→ Data segment
^^^^^^^^
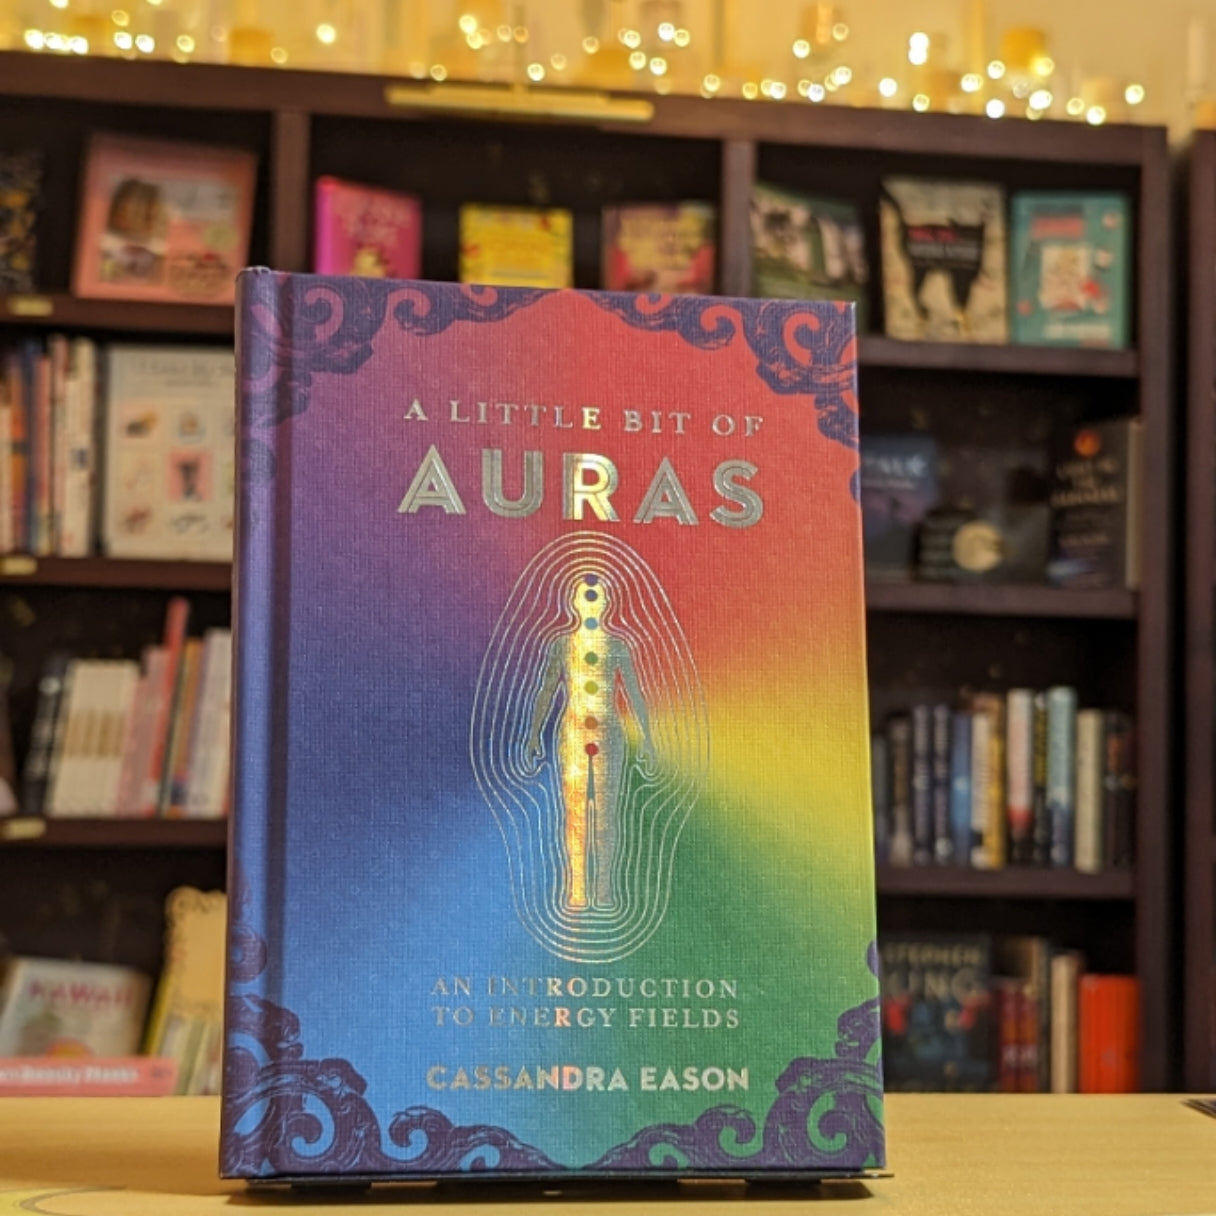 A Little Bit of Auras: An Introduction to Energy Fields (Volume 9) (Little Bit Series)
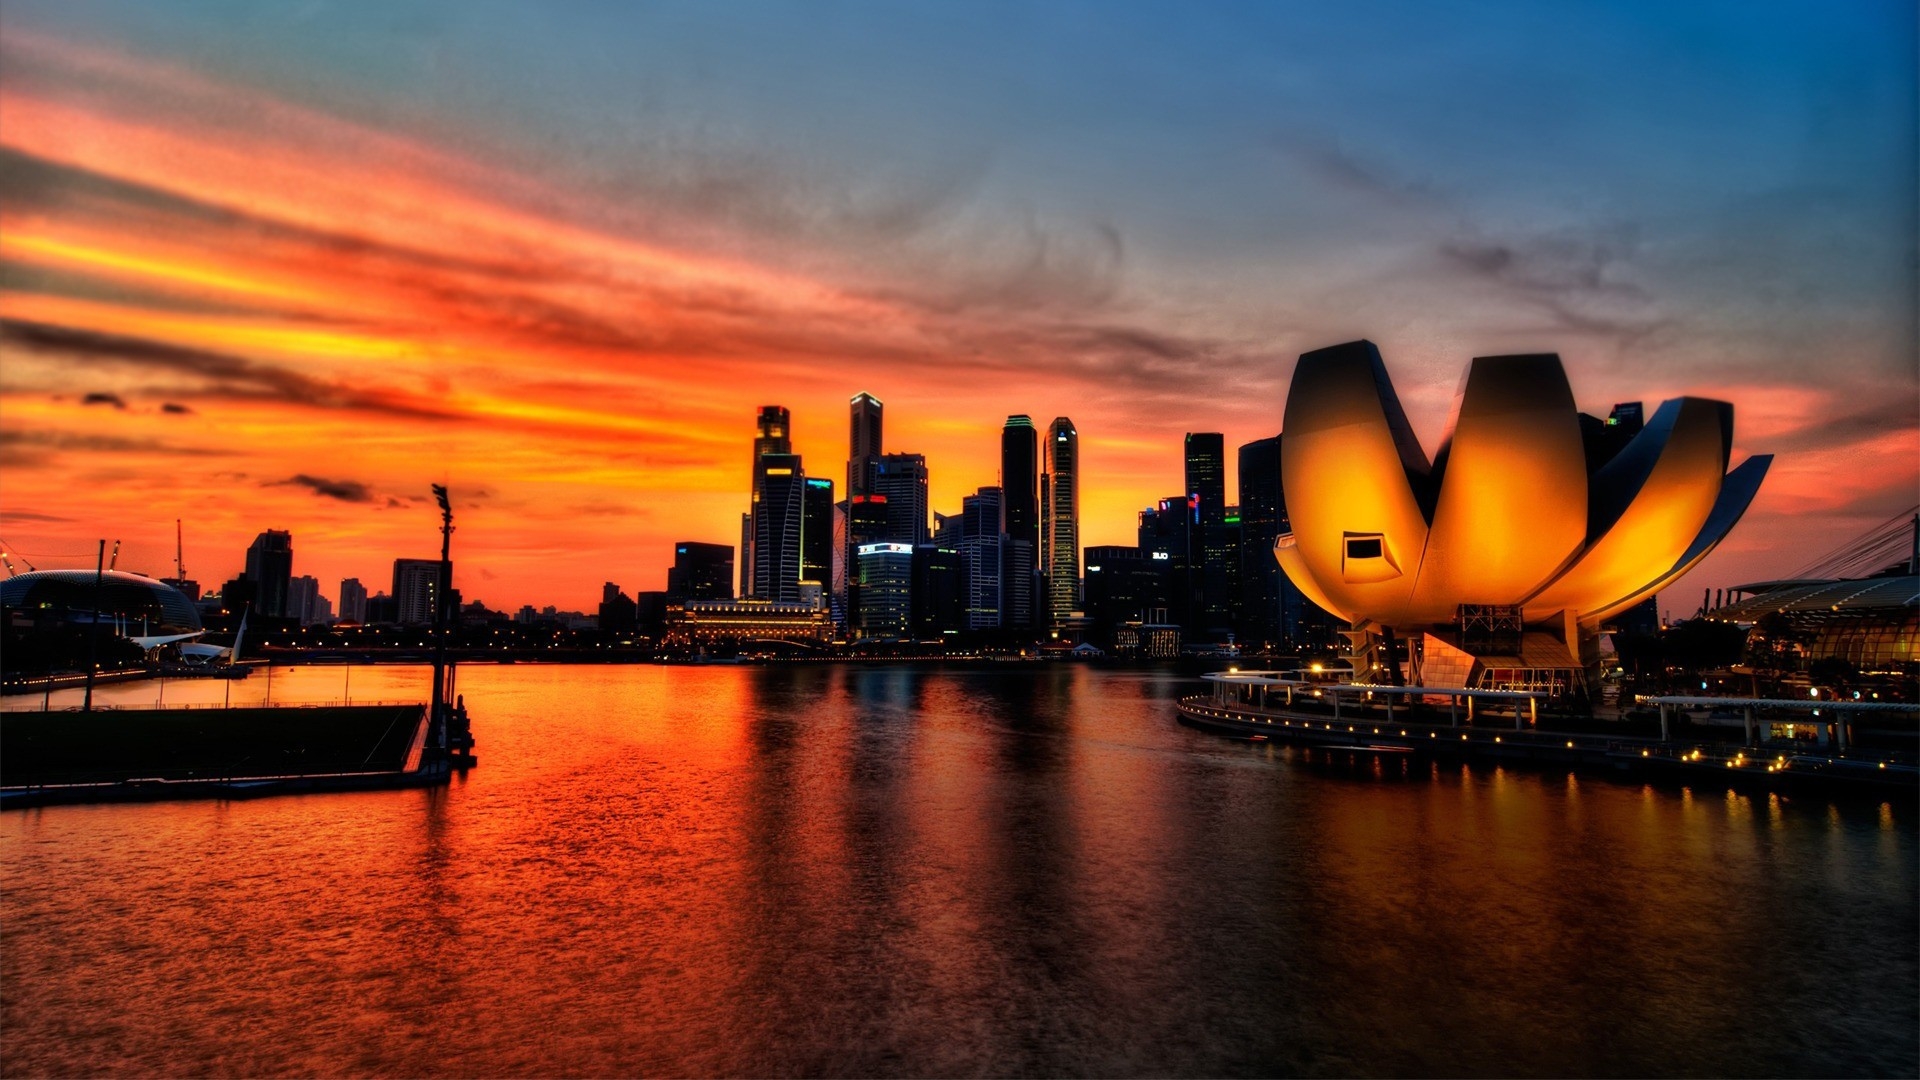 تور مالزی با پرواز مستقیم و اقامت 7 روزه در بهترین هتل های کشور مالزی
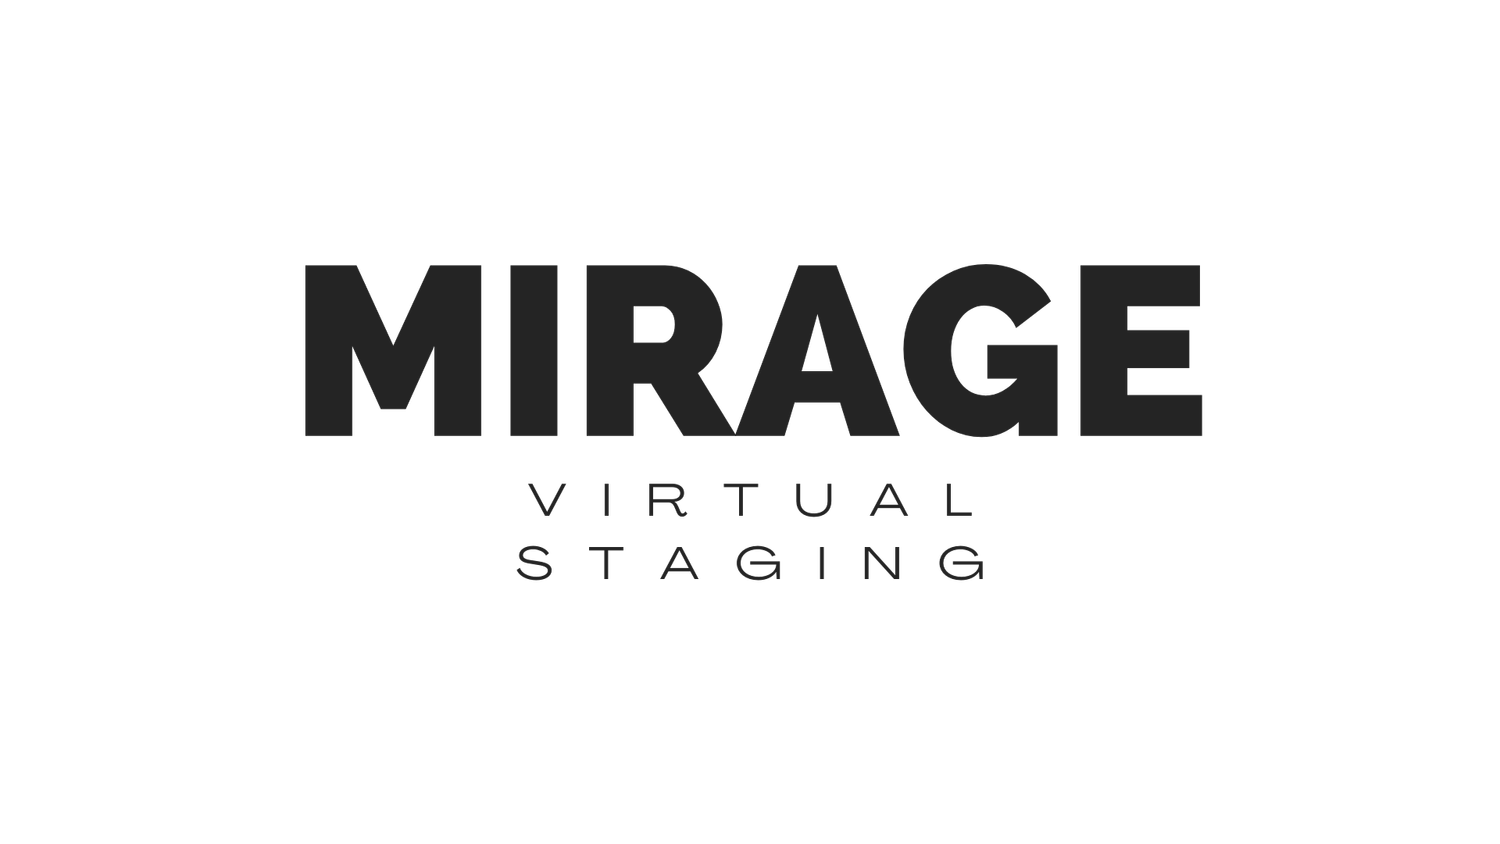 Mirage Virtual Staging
^^^^^^^^
→ Exercise instructions
When you reproduce the data shown above, keep each line exact and omit every picture.

→ Written response
 A Little Bit of Auras: An Introduction to Energy Fields (Volume 9) (Little Bit Series)
 تور مالزی با پرواز مستقیم و اقامت 7 روزه در بهترین هتل های کشور مالزی
 Mirage Virtual Staging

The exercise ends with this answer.